Assistant Professor, Neurology and Neuroscience
Weill Cornell Medical College
Localized protein synthesis provides a means for the distal processes of a neuron to rapidly and autonomously respond to its environment. Although the capability of dendrites to locally synthesize new proteins has been well studied, it had long been believed that mRNAs and protein translation machinery were actively excluded from axons. The prevailing dogma was that all axonal protein was derived from the cell body and that the axonal compartment was translationally incompetent. The majority of our early work focused on identifying transcripts that could localize into regenerating axons of sensory neurons and thus become available for local translation. These studies lead to the identification of a complex population of axonal mRNAs, hinting at a diversity of functional roles for locally synthesized axonal proteins.
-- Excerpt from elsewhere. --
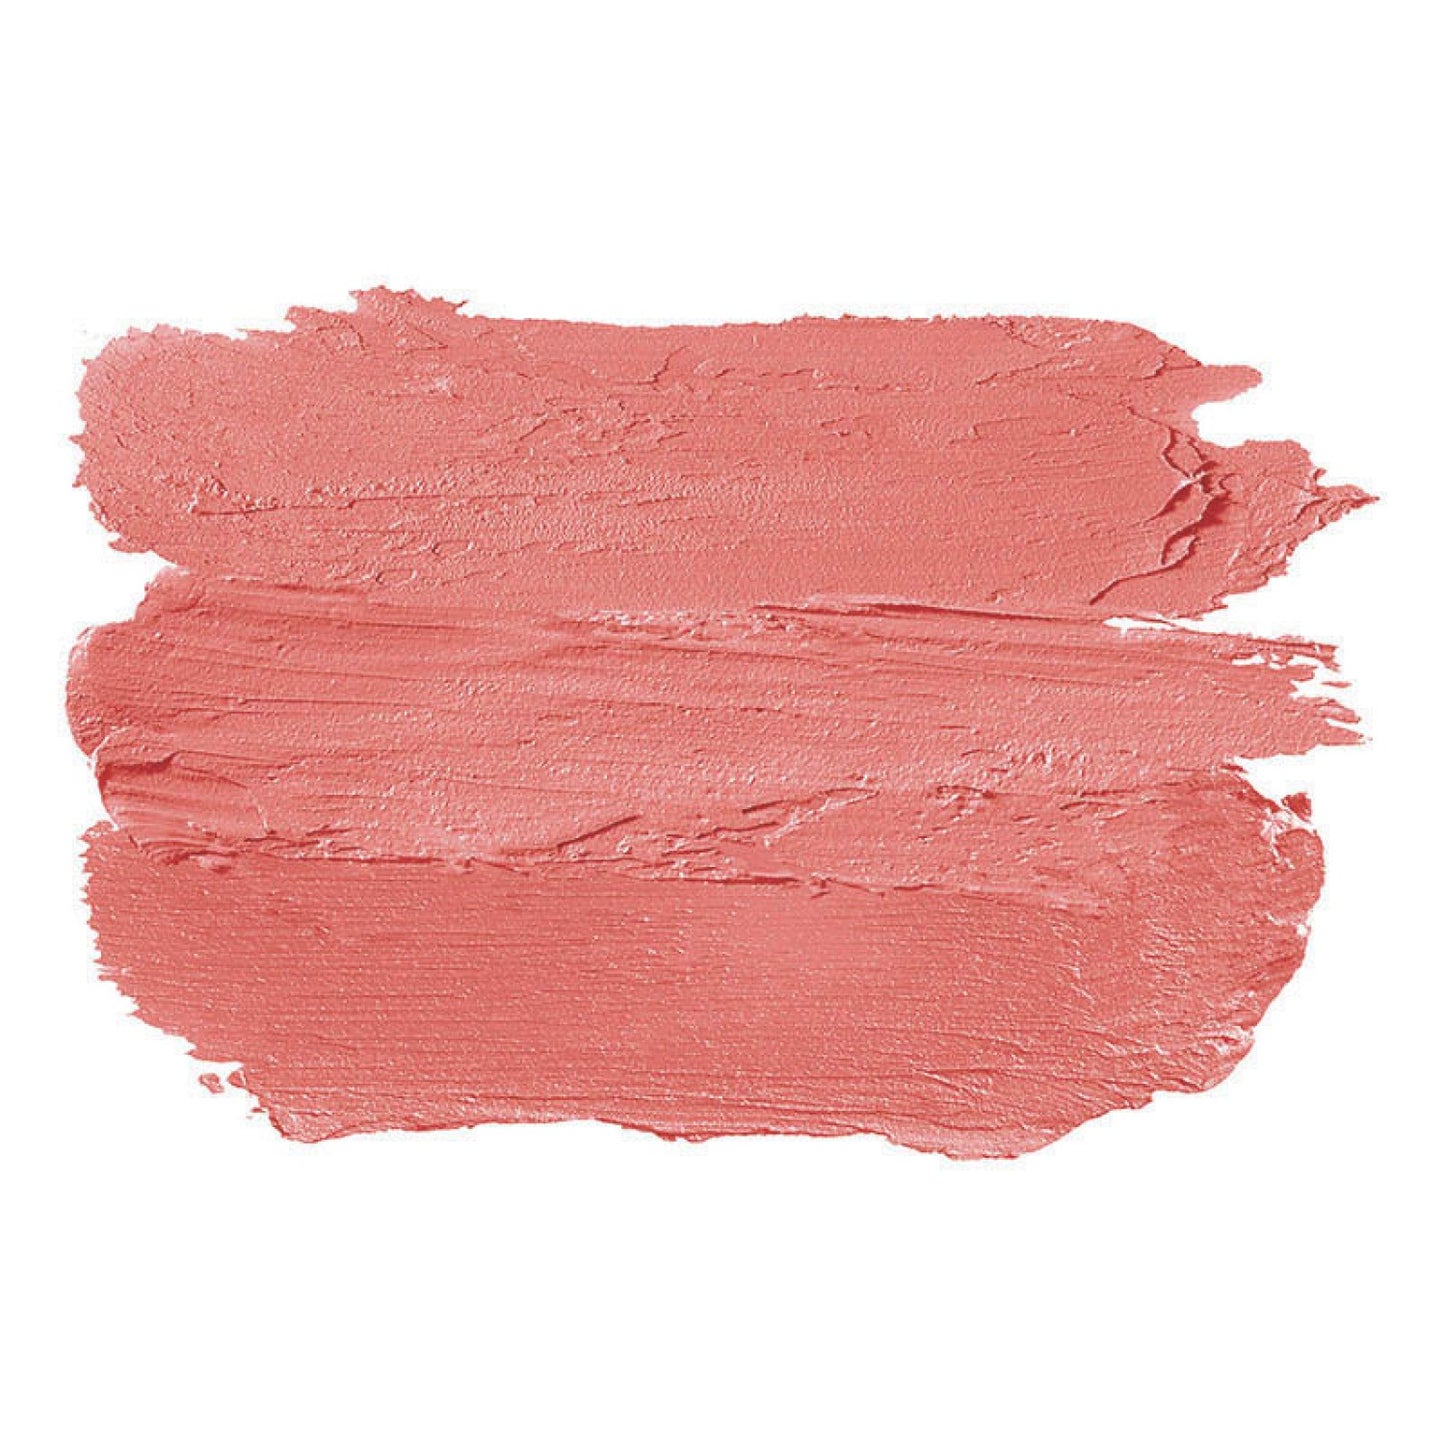 Love Earth Liquid Lipstick - Pink Lady

Our more recent work looked to address how axonal protein synthesis could be altered in response to local environmental signals encountered by the axon. We have found that axons alter the transport of specific mRNAs into the axon in response to various axonal stimuli. These studies should significantly advance the field of RNA localization, since we have shown specificity of RNA transport at the levels of individual ligands, signaling pathways and mRNAs. We are currently completing a study that is the first to clearly link the role of a specific RNA binding protein to transport and translation of multiple mRNA cargos underlying axonal outgrowth in vitro and in vivo. Considering the complex population of proteins that is synthesized in axons, we suspect that axonally synthesized proteins play a role in the function of mature axons and contribute to activity-dependent processes.
We are now focusing our efforts on understanding how axonal transport and local protein synthesis contribute to activity-dependent alterations in sensory neuron pathophysiology. Our central hypothesis is that axonal mRNA transport and local protein synthesis in sensory axons is altered by activity and that this mechanism can modify the capacity for neurotransmission. We are focusing on changes in the axonal localization and availability of mRNAs encoding ion channel proteins and neuropeptides that have been implicated in chronic pain, with a particular emphasis on the signaling mechanisms and RNA binding proteins that drive axonal localization.
University of Pittsburgh, Pittsburgh, PA
Ph.D., Biology (Molecular Biology and Genetics)
University of Delaware, Newark, DE
Nemours Biomedical Research, Alfred I. duPont Hospital for Children, Wilmington, DE
Willis D, Parameswaran B, Shen W and Molloy GR (1999). Conditions providing enhanced transfection efficiency in rat pheochromocytoma PC12 cells permit analysis of the activity of the far-upstream and proximal promoter of the brain creatine kinase gene. J. Neurosci. Meth. 92:3-13.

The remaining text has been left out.